As used herein “alkyl” refers to straight or branched hydrocarbon. An alkyl may be linear, branched, cyclic, or a combination thereof, and may contain, for example, from one to sixty carbon atoms. Examples of alkyl groups include but are not limited to ethyl, ethyl, propyl, isopropyl, cyclopropyl, butyl isomers (e.g. n-butyl, iso-butyl, tert-butyl, etc.) cyclobutyl isomers (e.g. cyclobutyl, methylcyclopropyl, etc.), pentyl isomers, cyclopentane isomers, hexyl isomers, cyclohexane isomers, and the like.

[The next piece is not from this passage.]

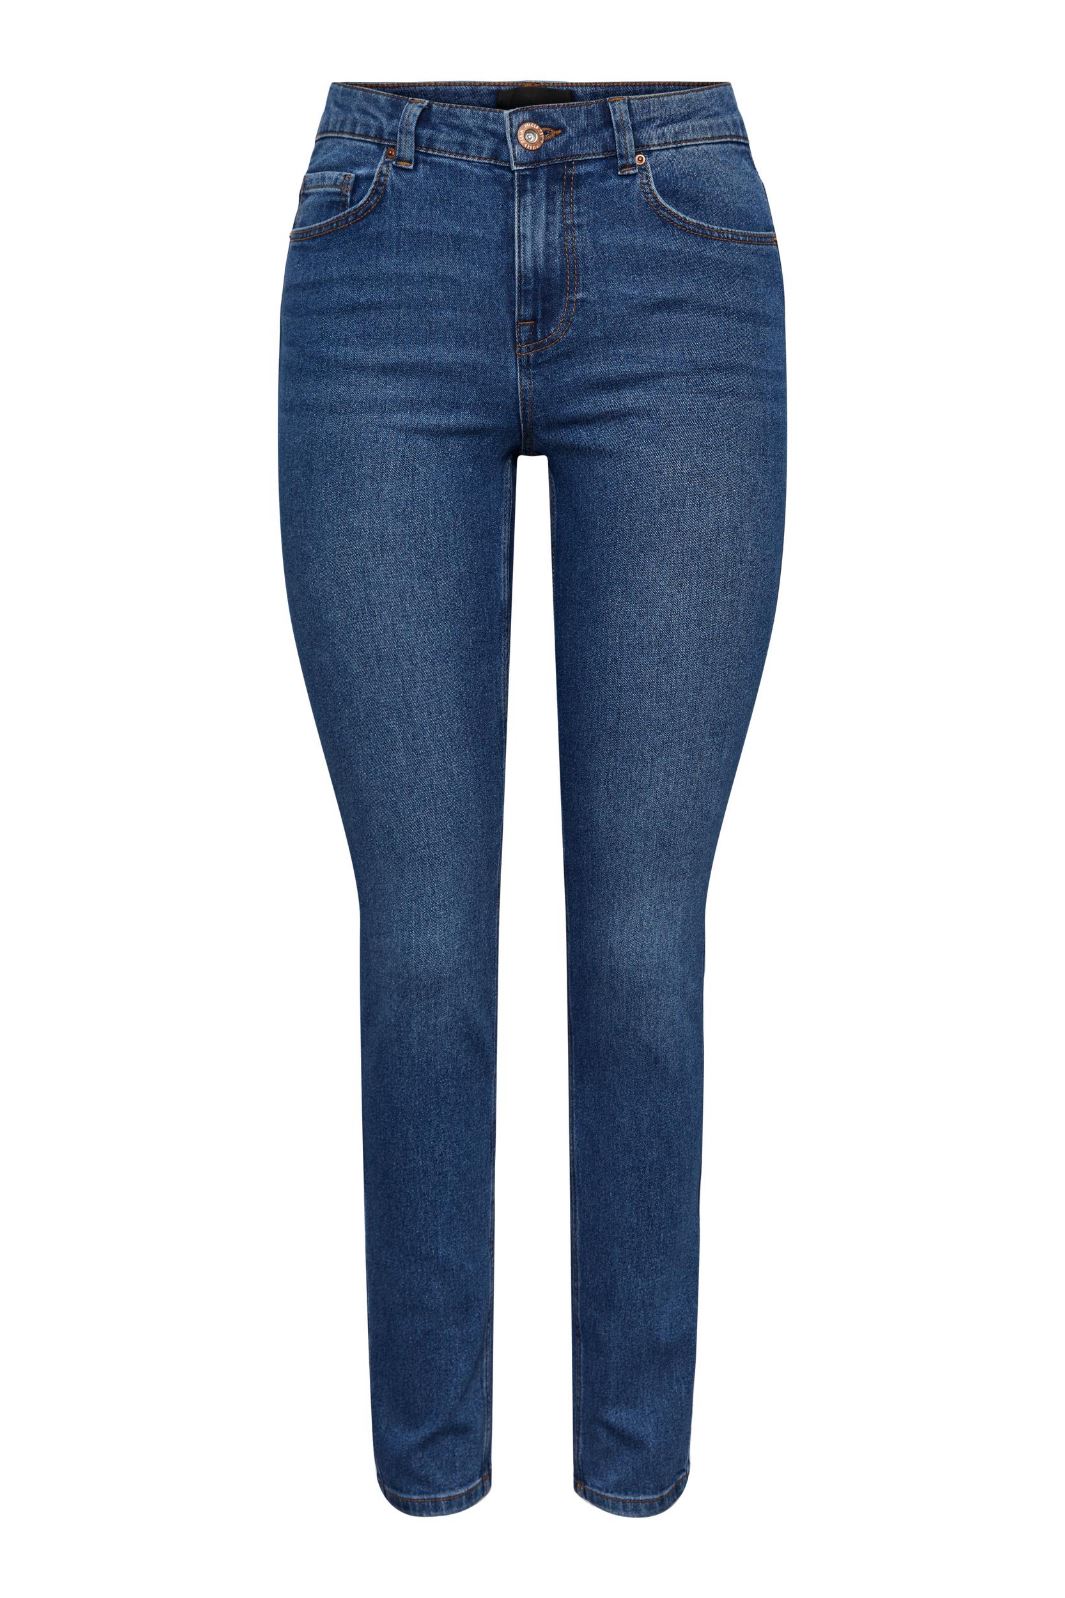 Pieces - Pcnunna Slim - 4291507 Medium Blue Denim Jeans 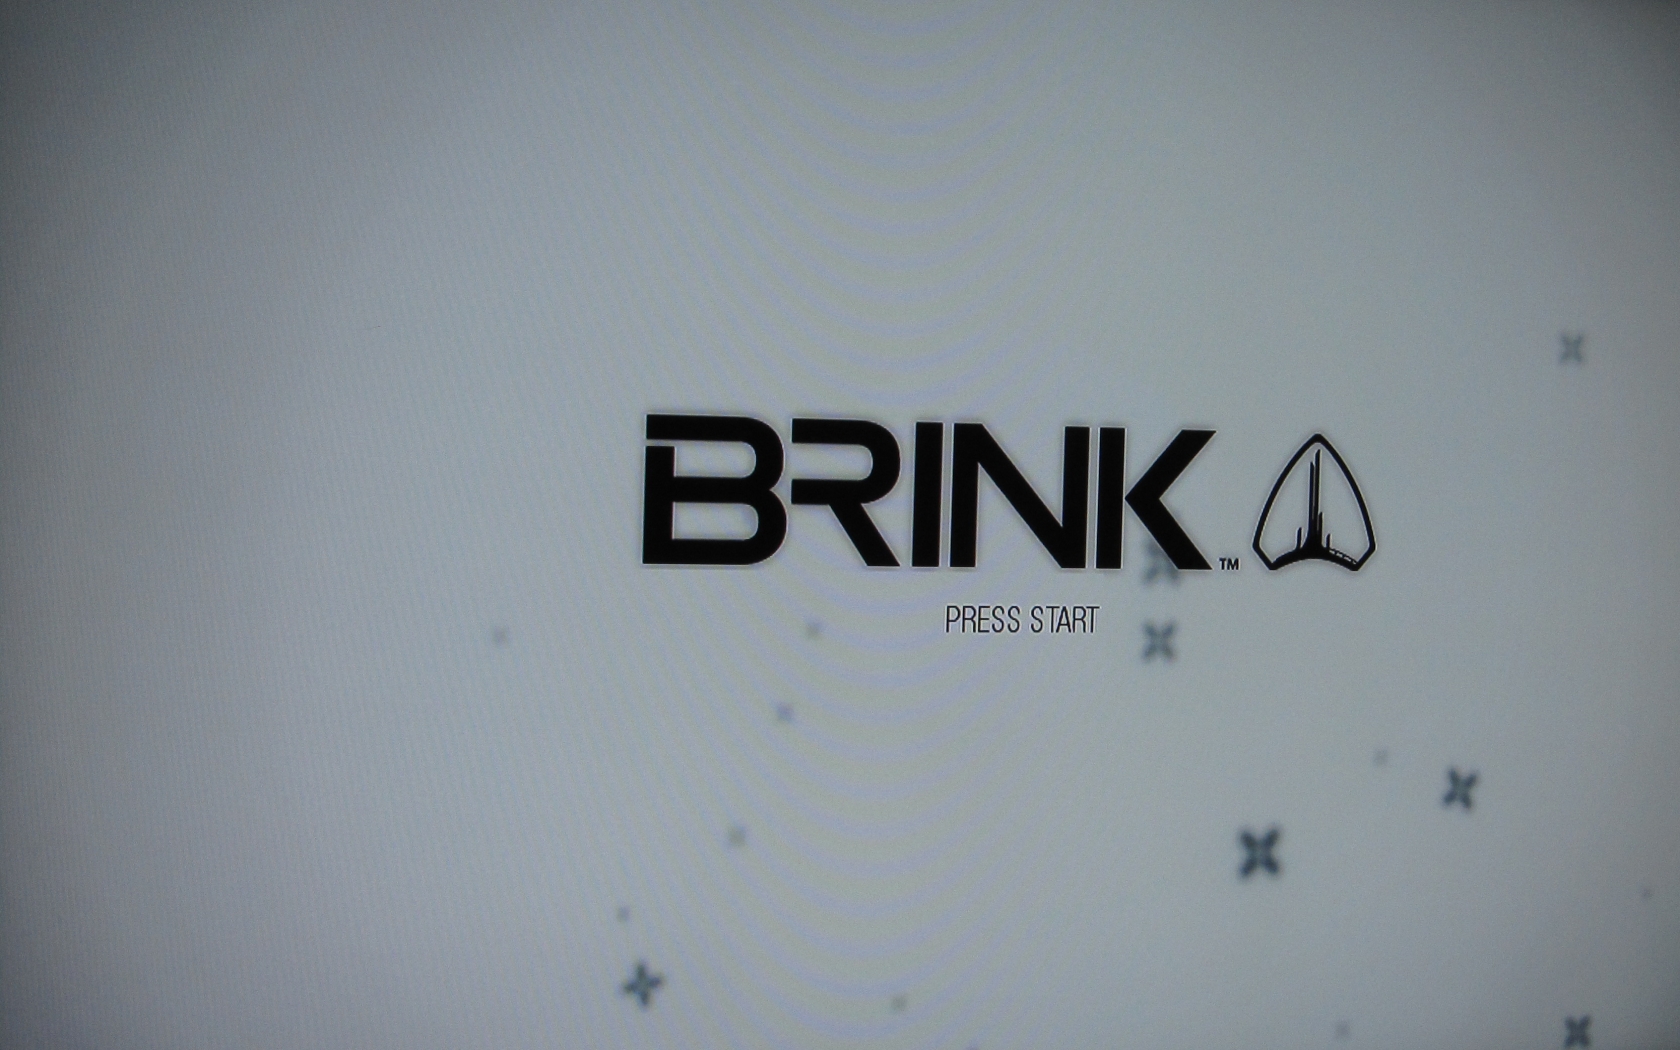 Download the Brink Wallpaper, Brink iPhone Wallpaper, Brink ...

As used herein, the term “linear alkyl” refers to a chain of carbon and hydrogen atoms (e.g., ethane, propane, butane, pentane, hexane, etc.).
As used herein, the term “branched alkyl” refers to a chain of carbon and hydrogen atoms, without double or triple bonds that contains a fork, branch, and/or split in the chain. “Branching” refers to the divergence of a carbon chain, whereas “substitution” refers to the presence of non-carbon/non-hydrogen atoms in a moiety.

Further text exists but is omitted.